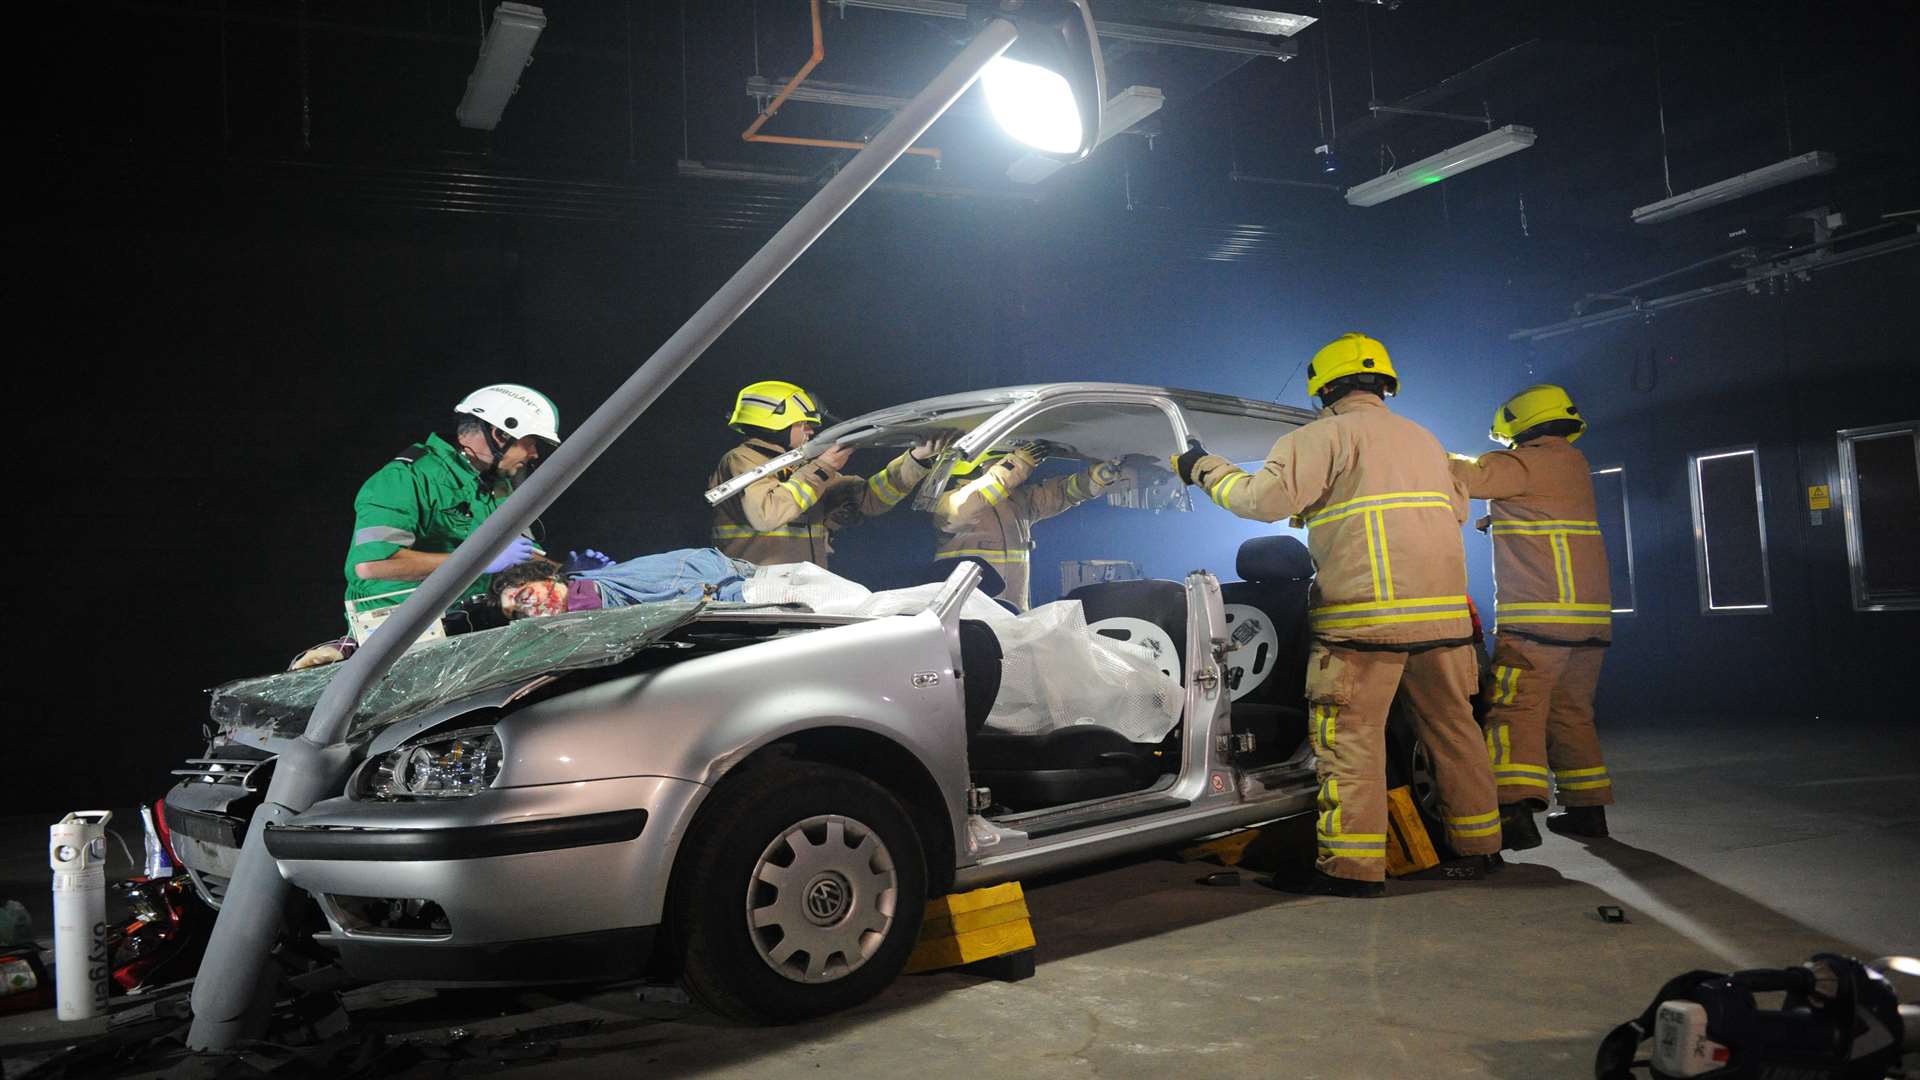 Firefighters at the new road safety education centre
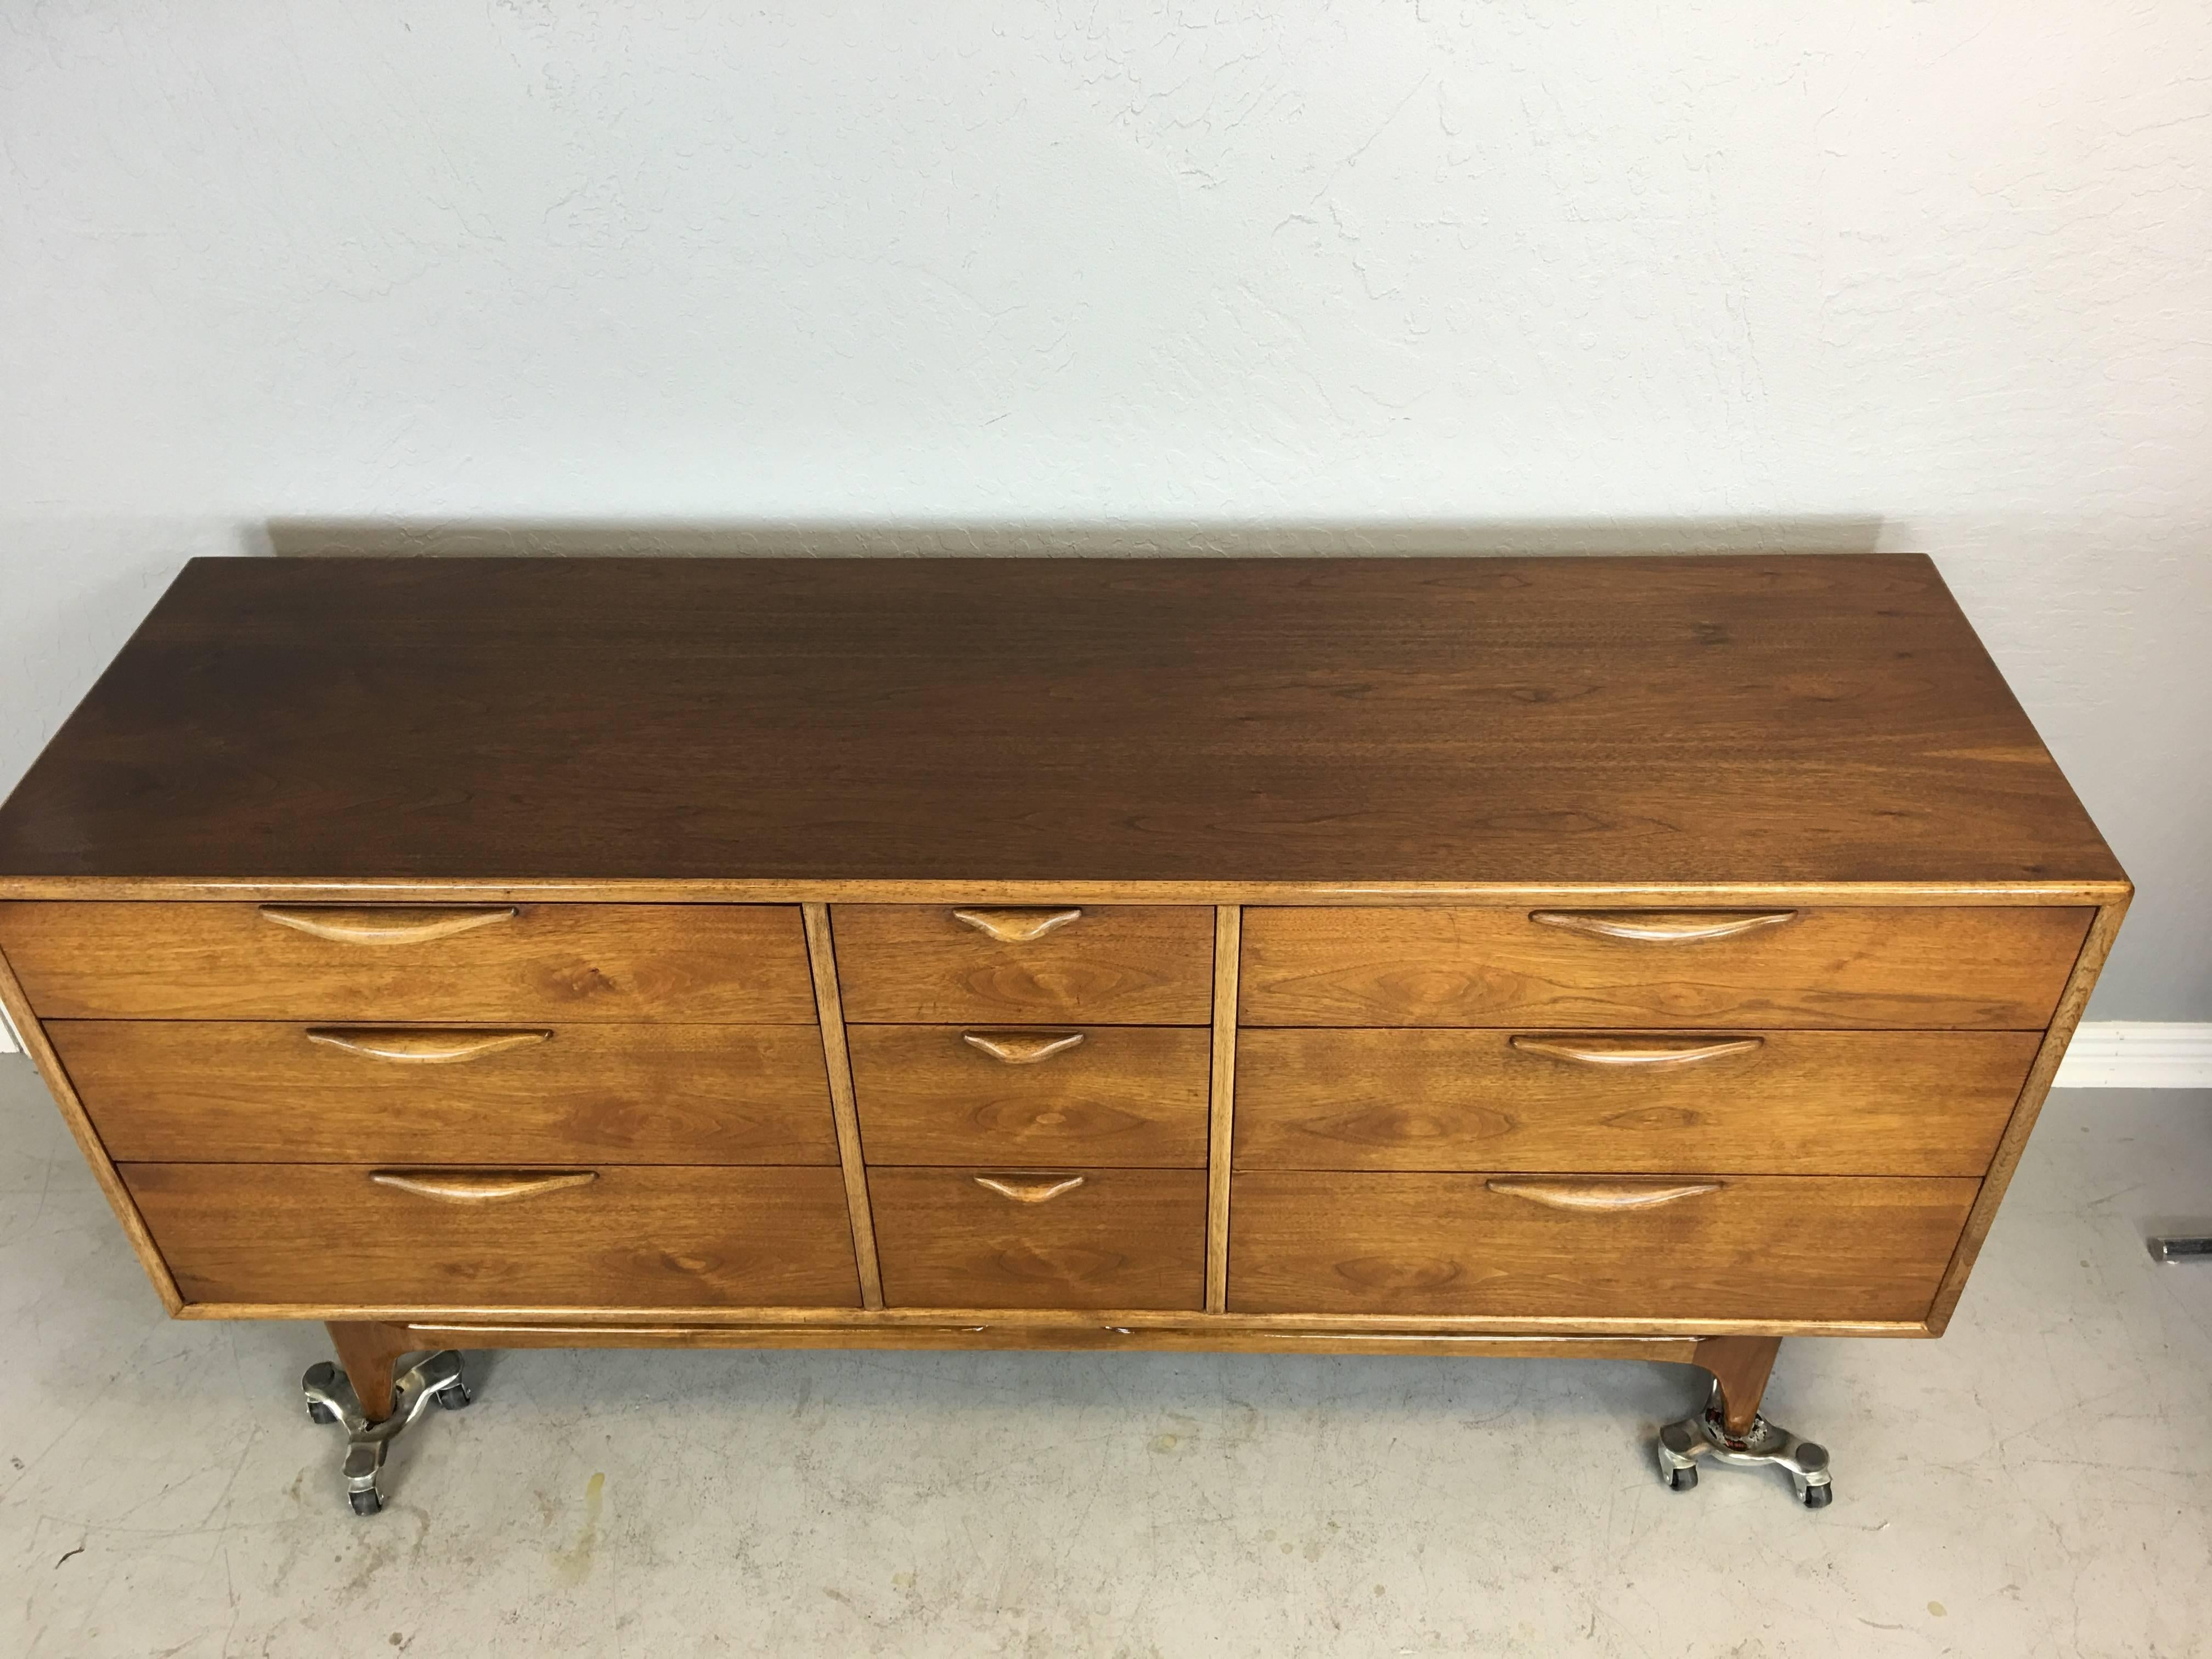 Lane low boy long walnut dresser with ash banding on edges. Marked Lane inside of top left drawer. Dovetail joints on all drawers with poplar wood drawer guides, circa 1965. Excellent condition as this piece has been completely restored. No pets or
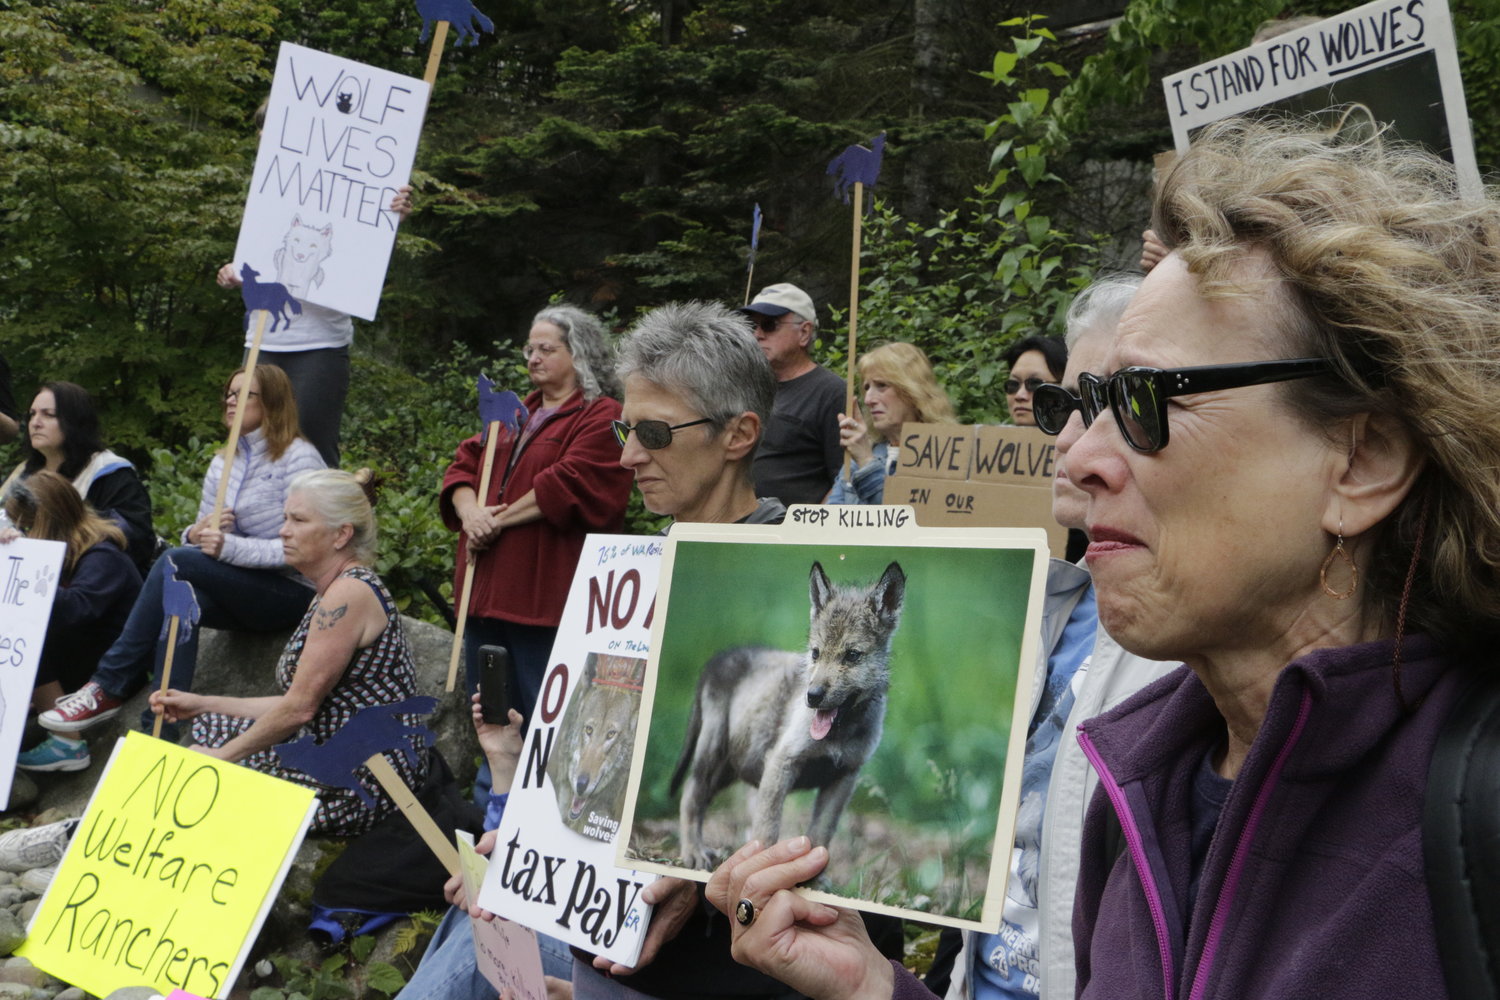 Opponents of the state's decision to eradicate a wolf pack in order to protect cattle protest outside of the Washington Department of Fish and Wildlife, Thursday, Sept. 1, 2016, in Olympia, Wash. So far, six of the 11 members of the Profanity Peak pack have been killed. 
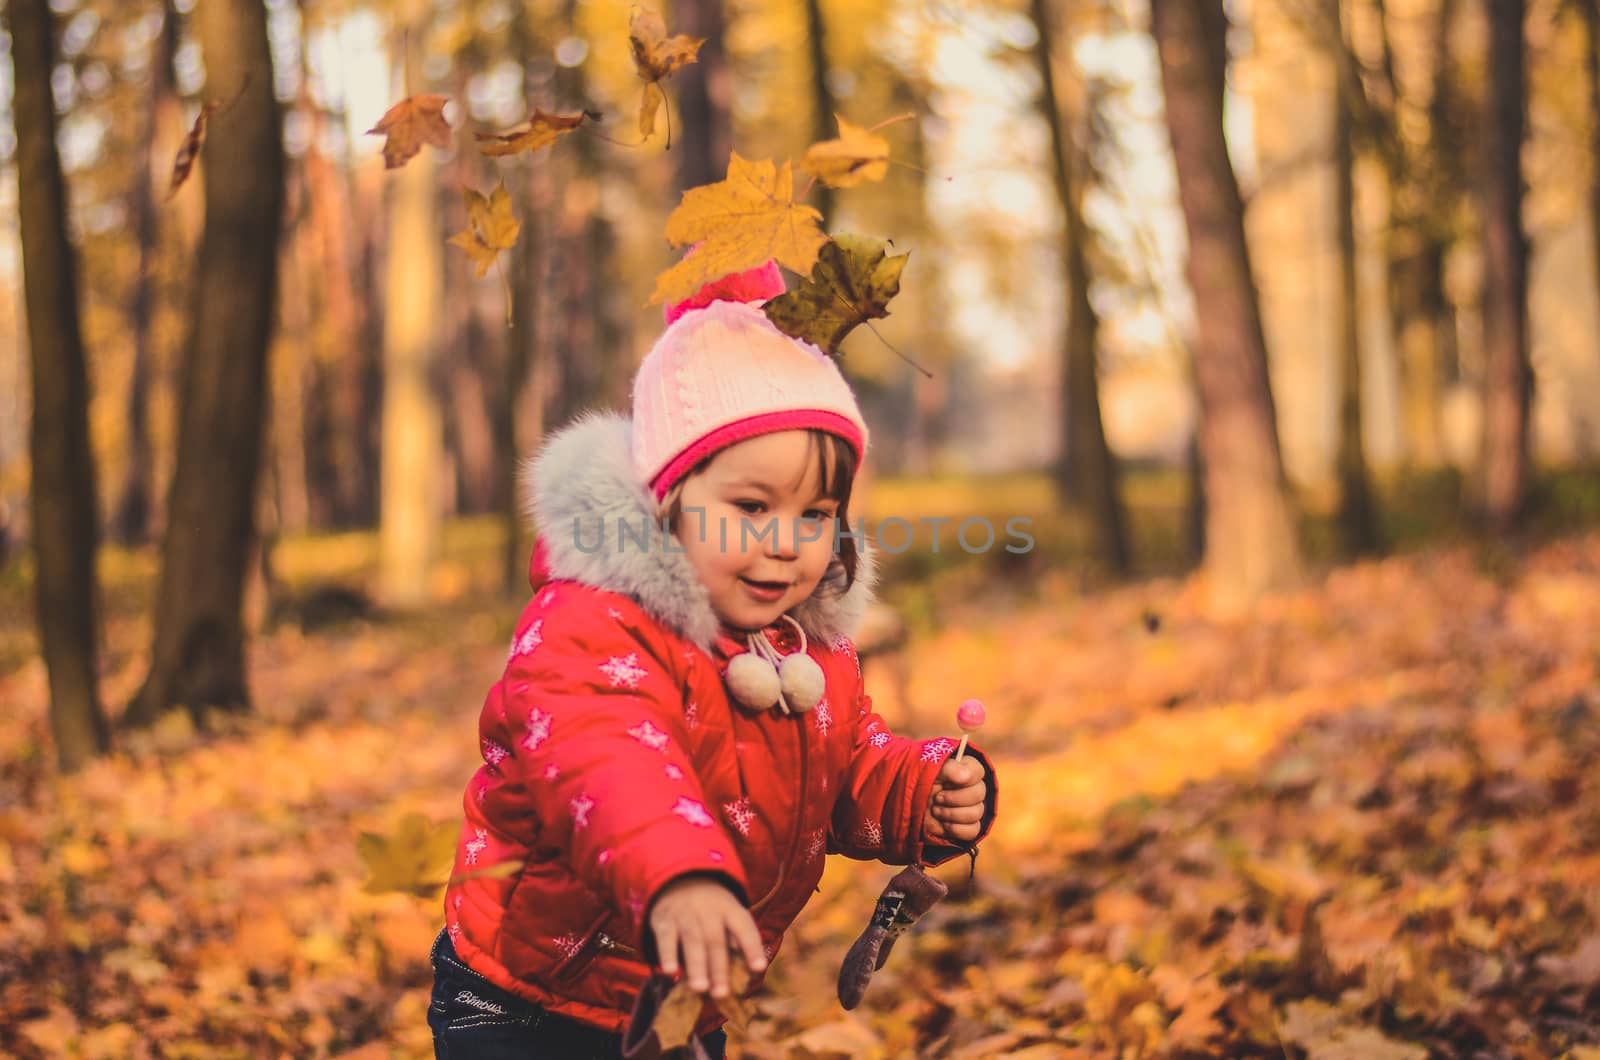 Pretty girl playing with yellow leaves in the autumn forest by chernobrovin

**The problem:** After locating the line with "Lane low boy", transcribe it and the rest of the data above exactly as written, without any picture.

**Reply to the task:**
 Lane low boy long walnut dresser with ash banding on edges. Marked Lane inside of top left drawer. Dovetail joints on all drawers with poplar wood drawer guides, circa 1965. Excellent condition as this piece has been completely restored. No pets or
 Opponents of the state's decision to eradicate a wolf pack in order to protect cattle protest outside of the Washington Department of Fish and Wildlife, Thursday, Sept. 1, 2016, in Olympia, Wash. So far, six of the 11 members of the Profanity Peak pack have been killed. 
 Pretty girl playing with yellow leaves in the autumn forest by chernobrovin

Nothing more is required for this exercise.